> [Task requirements] Pictures excluded, copy word for word the lines from the one holding "50 Best Sentimental Gifts For Men" through the last line below.

> [Source material]
========

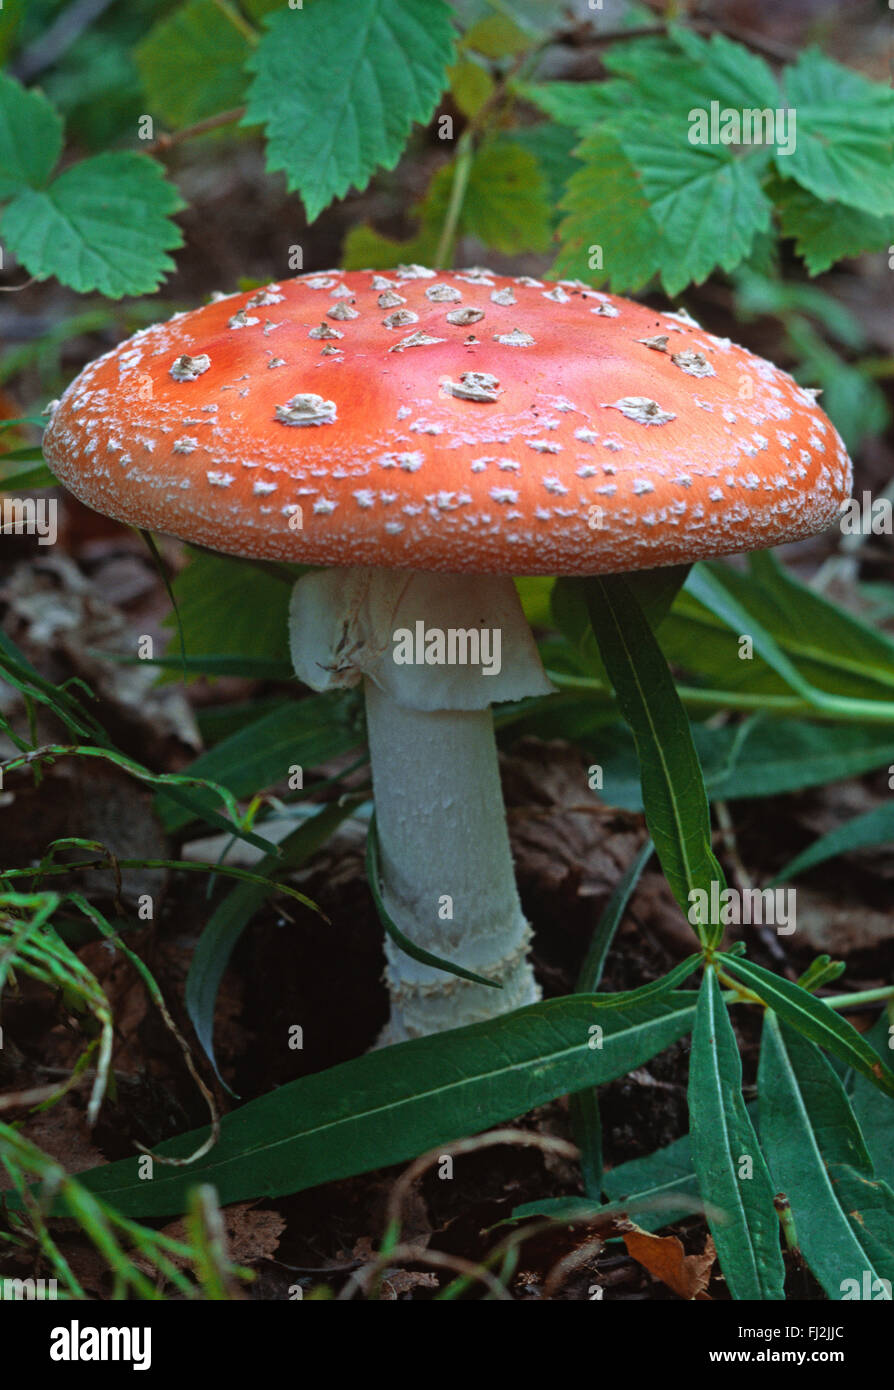 The AMINITA MASCARIA (Agalychnis callidryas) mushroom grows among the lush rainforest undergrowth - KENAI PENINSULA, ALASKA Stock Photo
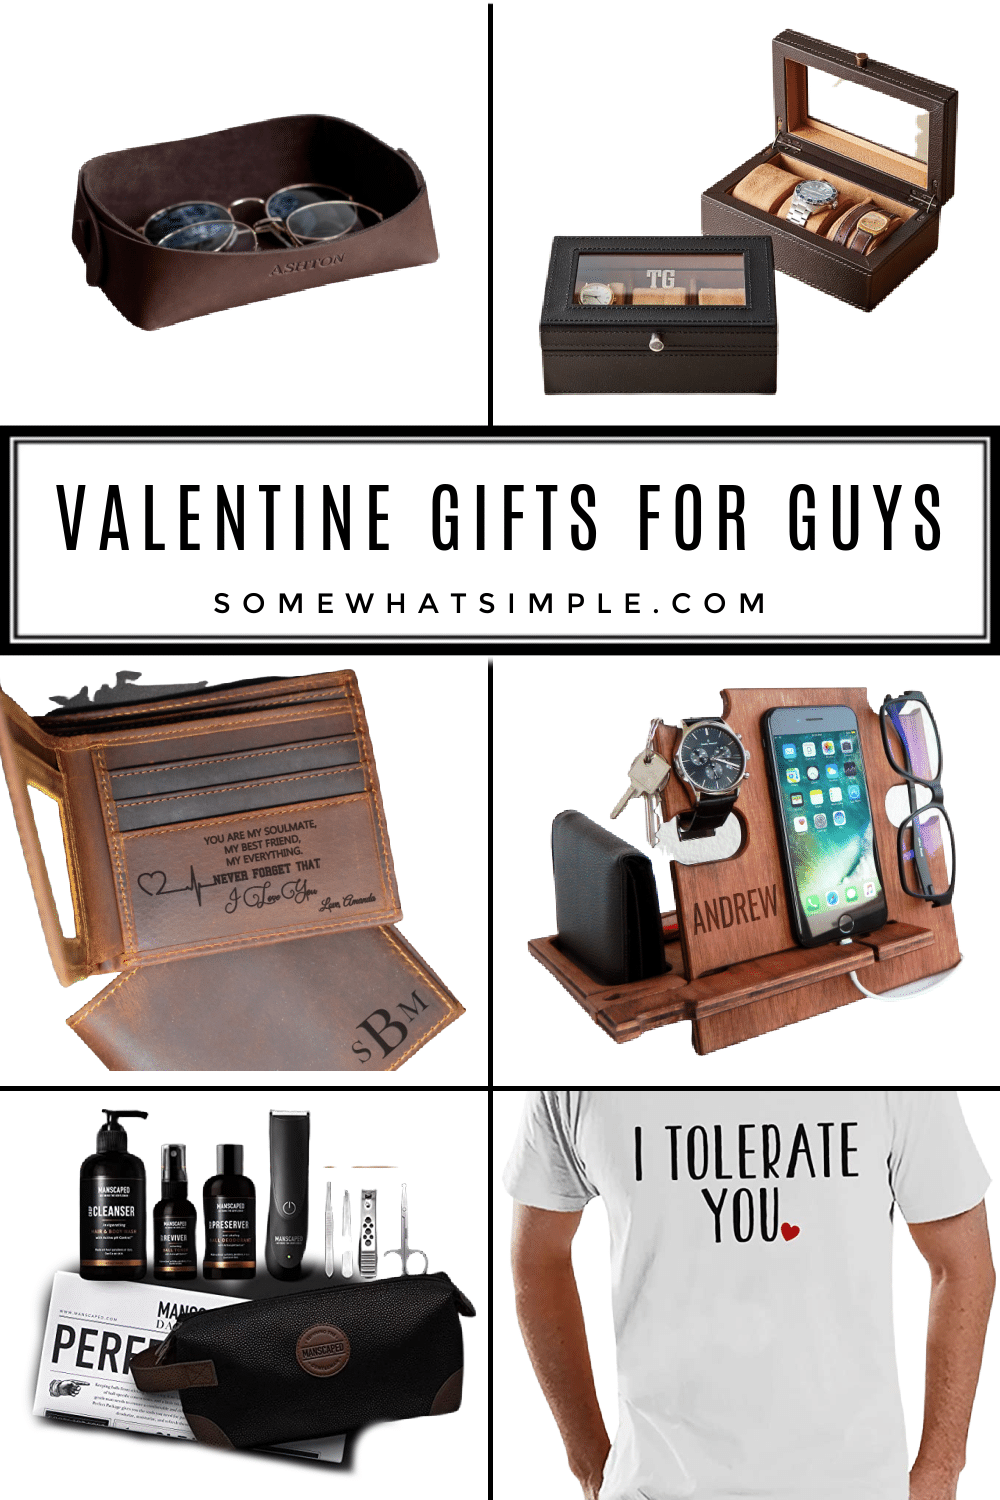 50 Best Sentimental Gifts For Men
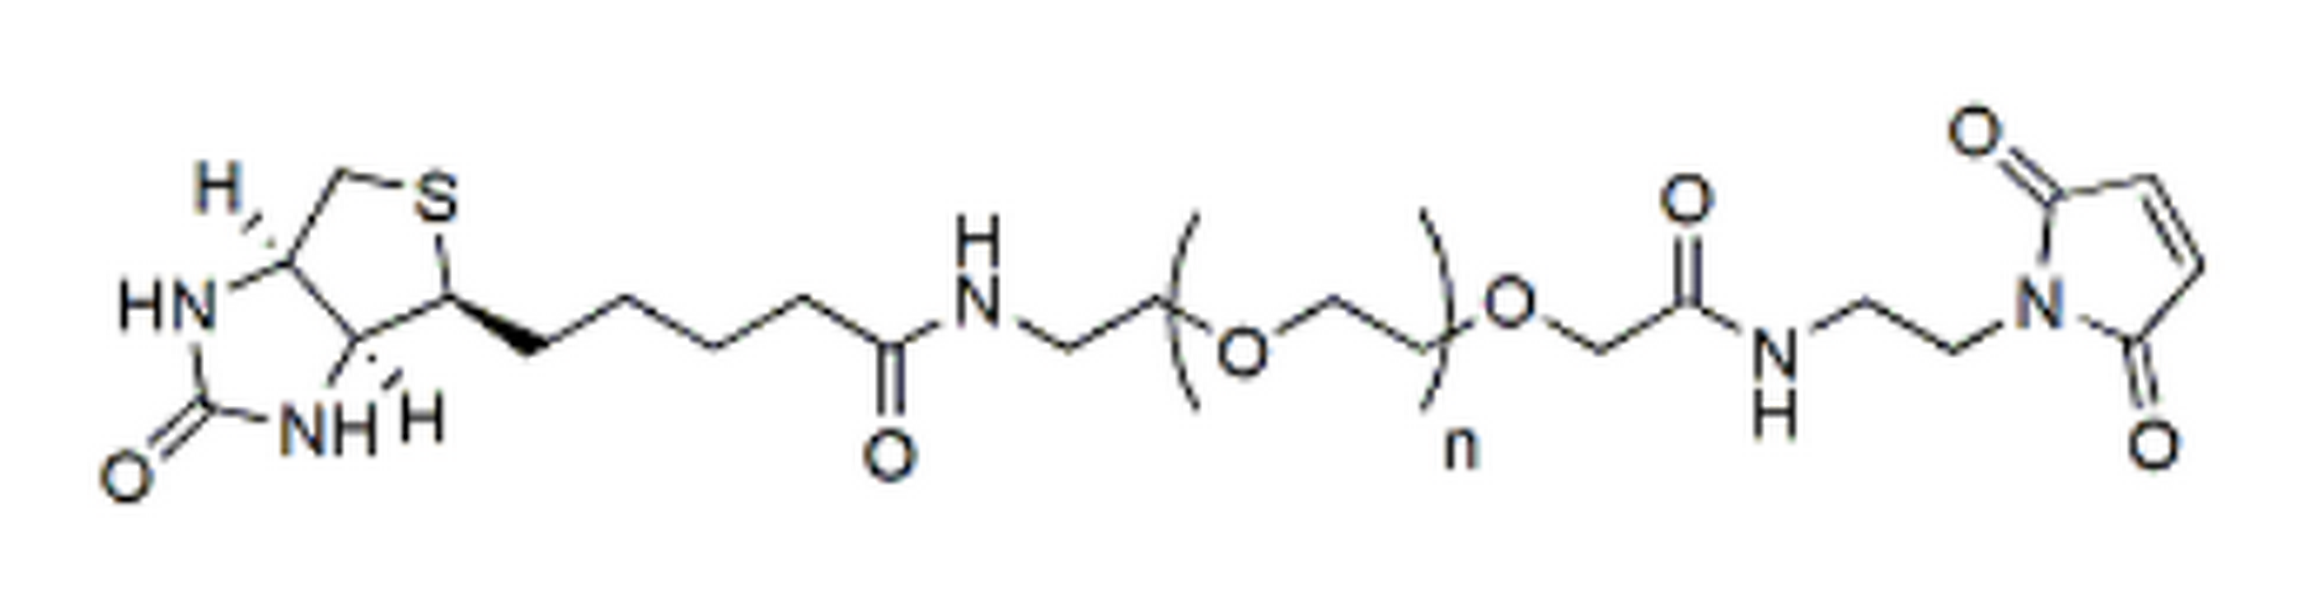 Biotin-PEG-Mal, MW 7.5K
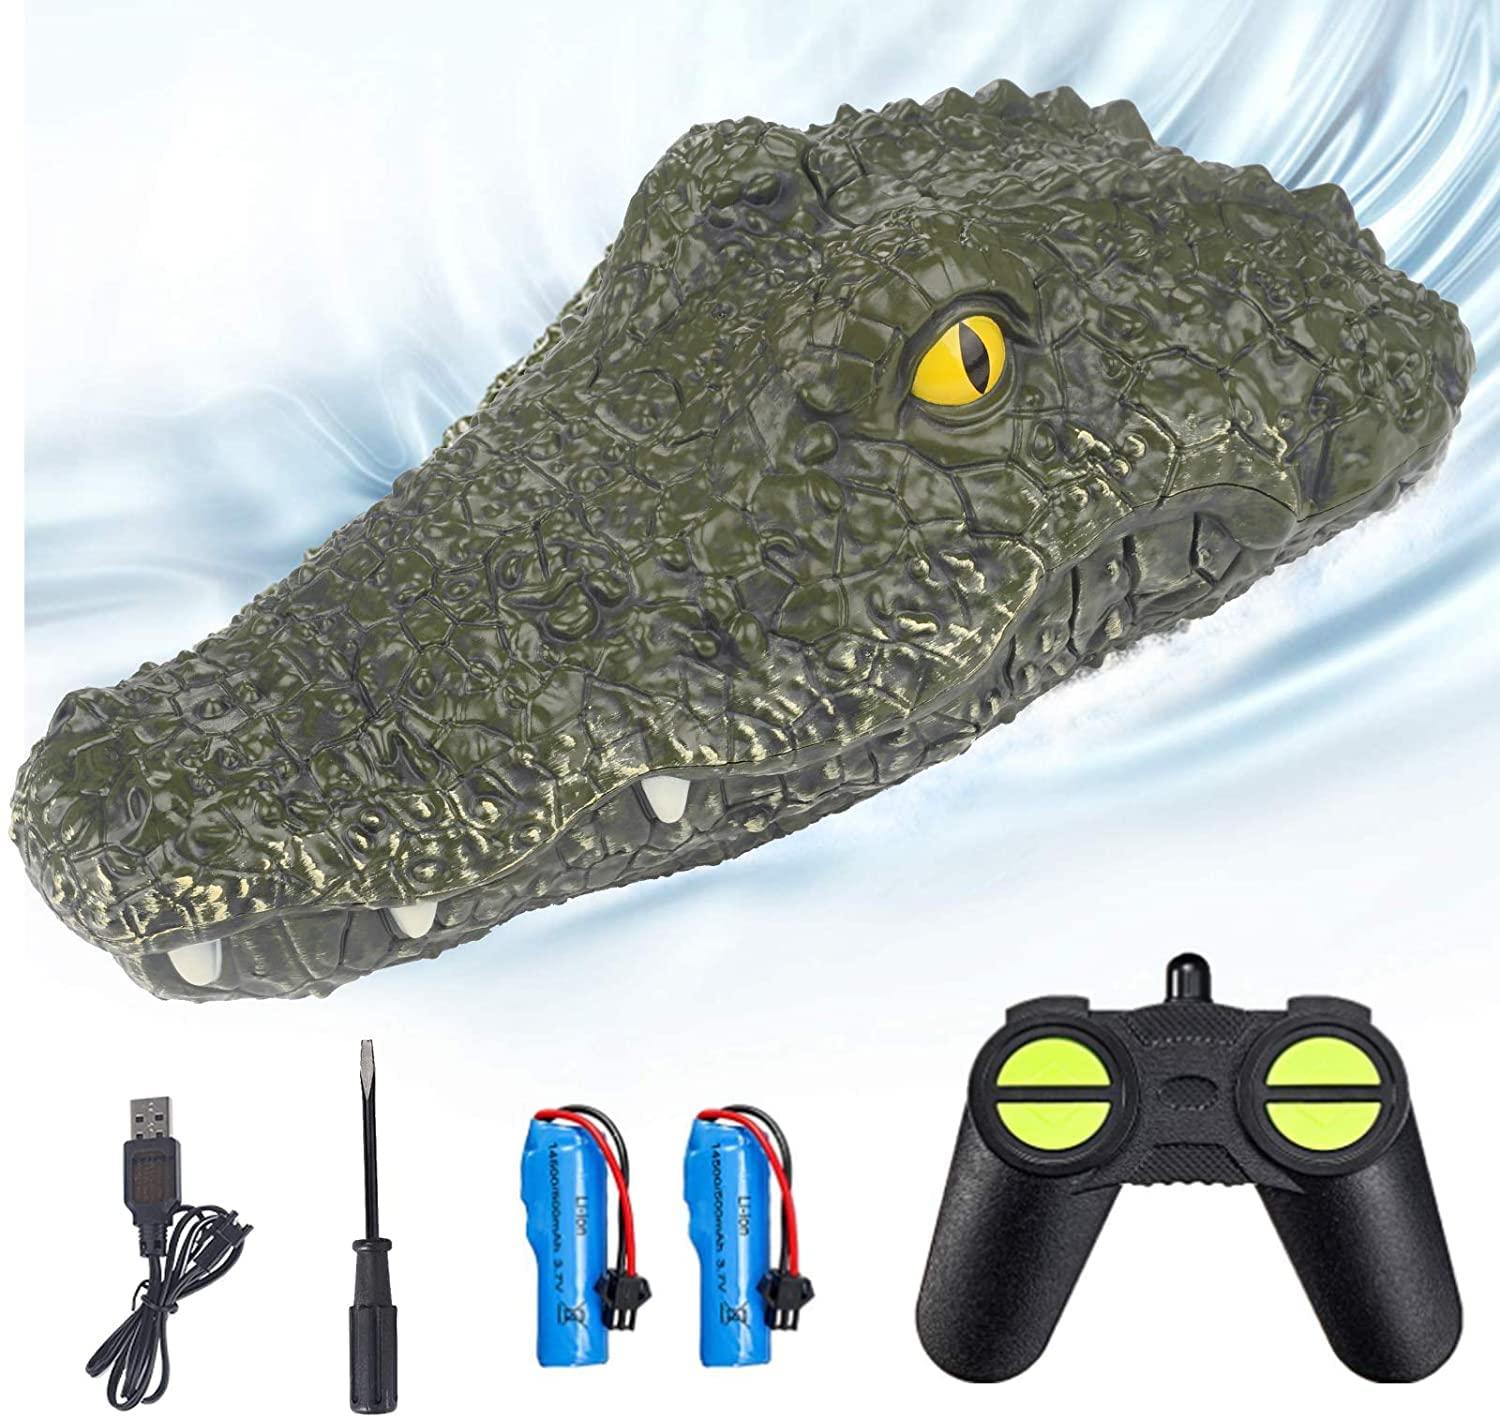 Best Remote Control Alligator:  Consider These Features When Buying a Remote Control Alligator

========

> [Expected answer]
 50 Best Sentimental Gifts For Men
 Biotin-PEG-Mal, MW 7.5K
 Best Remote Control Alligator:  Consider These Features When Buying a Remote Control Alligator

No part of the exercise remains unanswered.